SSB-bound looped and linear molecules from the high-molecular-weight, cross-linked ter1-16T fractions. (A to C) Looped molecules with SSB localized to the loop junction. Loop and tail sizes are 0.3 and 5.7, 0.4 and 1.5, and 0.7 and 0.6 kb for panels A through C, respectively. (D and E) Linear molecules with SSB localized to a single molecule end. The length of the double-stranded DNA in panel D is 3.4 kb. In panel E, the total length of the double-stranded DNA for the molecule shown is 16.1 kb, with most of double-stranded DNA outside of the image border. Samples were directly mounted onto thin carbon-coated foils and rotary shadow cast with tungsten. The white arrows indicate the locations of SSB protein. The images are shown in negative contrast.

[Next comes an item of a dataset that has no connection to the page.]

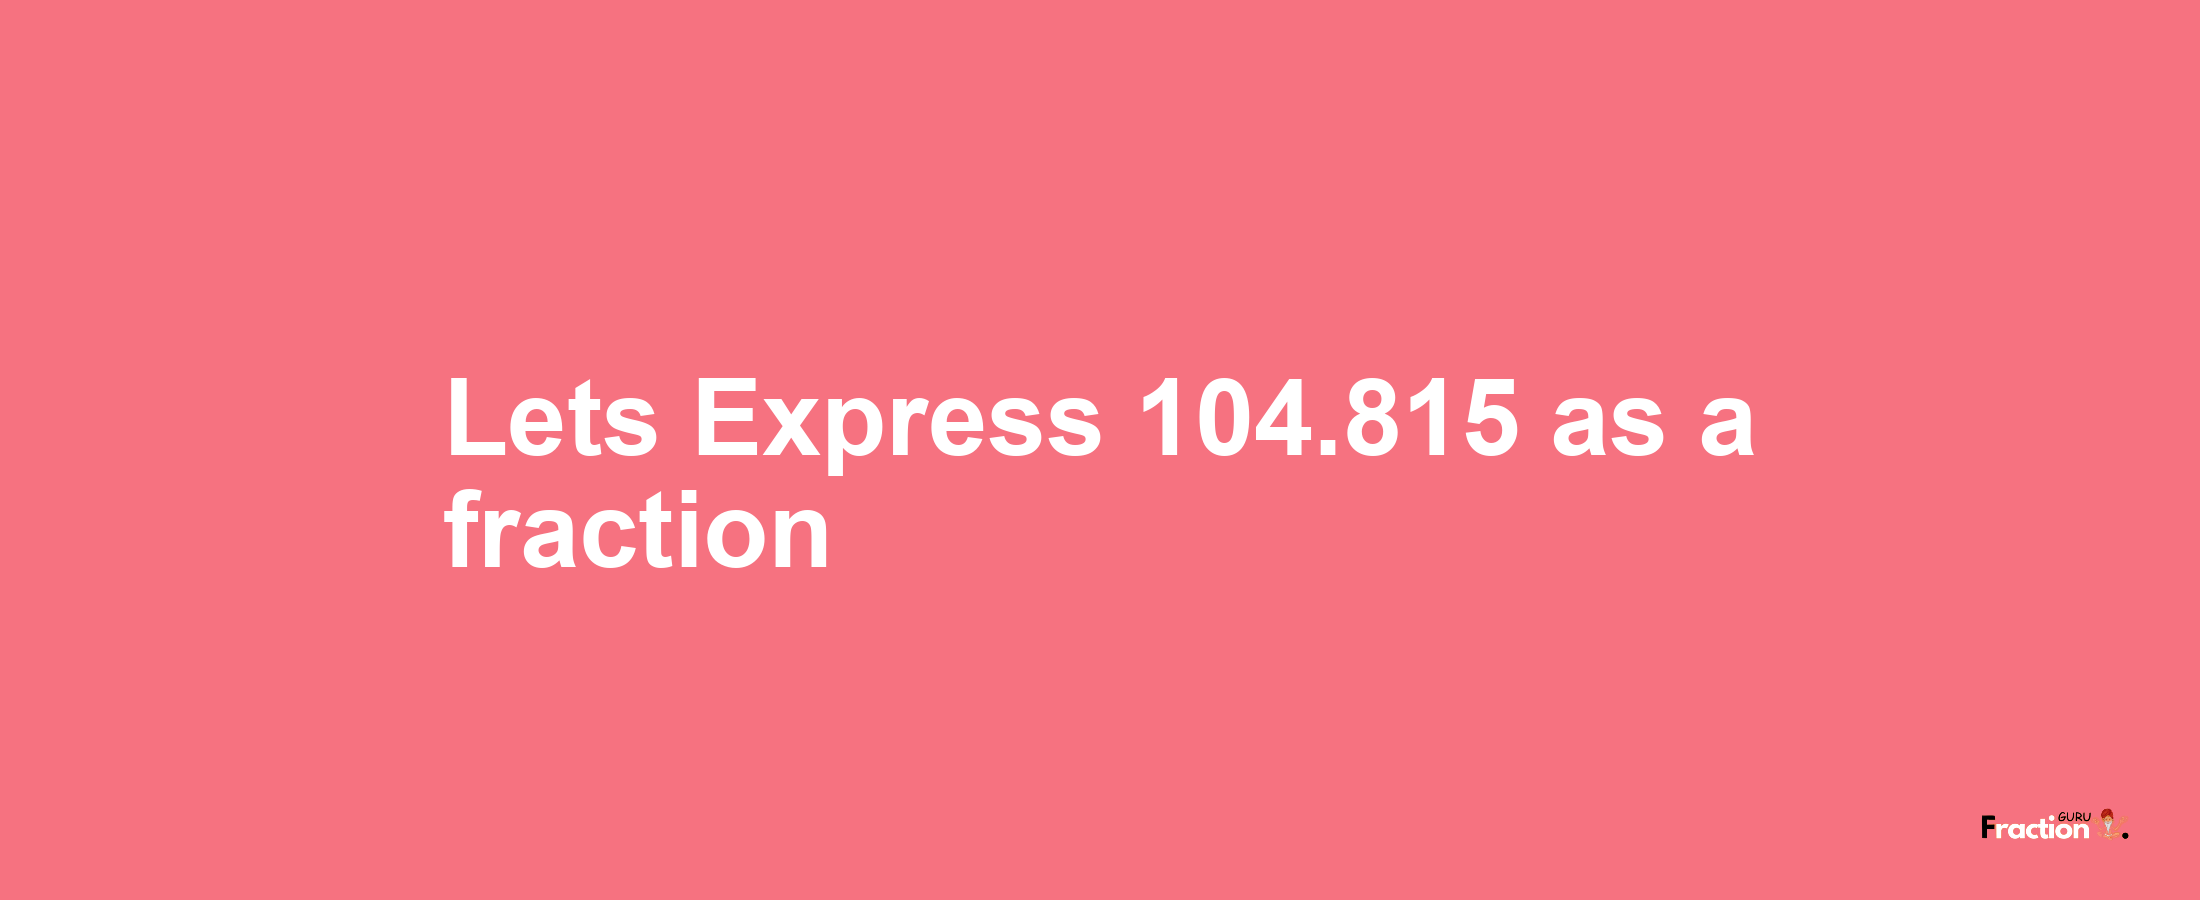 Lets Express 104.815 as afraction

The bar is equivalent to 1 kb.
Heterogeneous telomere circles in ter1-16T.
Genetic data from K. lactis suggests that RTE in ter1Δ survivors is dependent on rolling-circle replication initiated on circular telomeric DNA as small as 100 bp (26). Previous examination of gel-isolated low-molecular-weight ECTR DNA from ter1-16T indicated that in this strain, small single-stranded and double-stranded t-circles were present, and that they ranged upward in size from ∼100 bp/nucleotide (15). In the telomere-enriched, cross-linked fractions from ter1-16T, we observed an abundance of circular DNA molecules (Fig. 5), ranging from 0.5 to 19.3 kb, with 84%, of the circles measuring <3 kb in size (n = 102; mean = 2.1 kb; median = 1.2 kb). DNA circles in psoralen cross-linked preparations from ter1-16T cells were significantly more abundant, 4.7- and 7.3-fold more prevalent on average, than in the psoralen cross-linked preparations from ter1-16T RAP1OE and ter1-16T rad52Δ, respectively (Fig. 3D and Tables 1 and 2). Circular molecules in ter1-16T RAP1OE were also generally small, with 96% measuring <3 kb (n = 83; mean = 1.2 kb; median = 0.8 kb).
FIG. 5.
Extrachromosomal DNA circles from ter1-16T. (A to J) Electron micrographs of circular DNA molecules observed in the telomere-enriched fractions from ter1-16T. The circle lengths are 8.5, 4.6, 4.6, 3.6, 3.3, 0.9, 0.8, 0.7, 1.2, and 0.9 kb for panels A through J, respectively. DNA was prepared for EM as in Fig. 2. The images are shown in negative contrast. The bar is equivalent to 2 kb.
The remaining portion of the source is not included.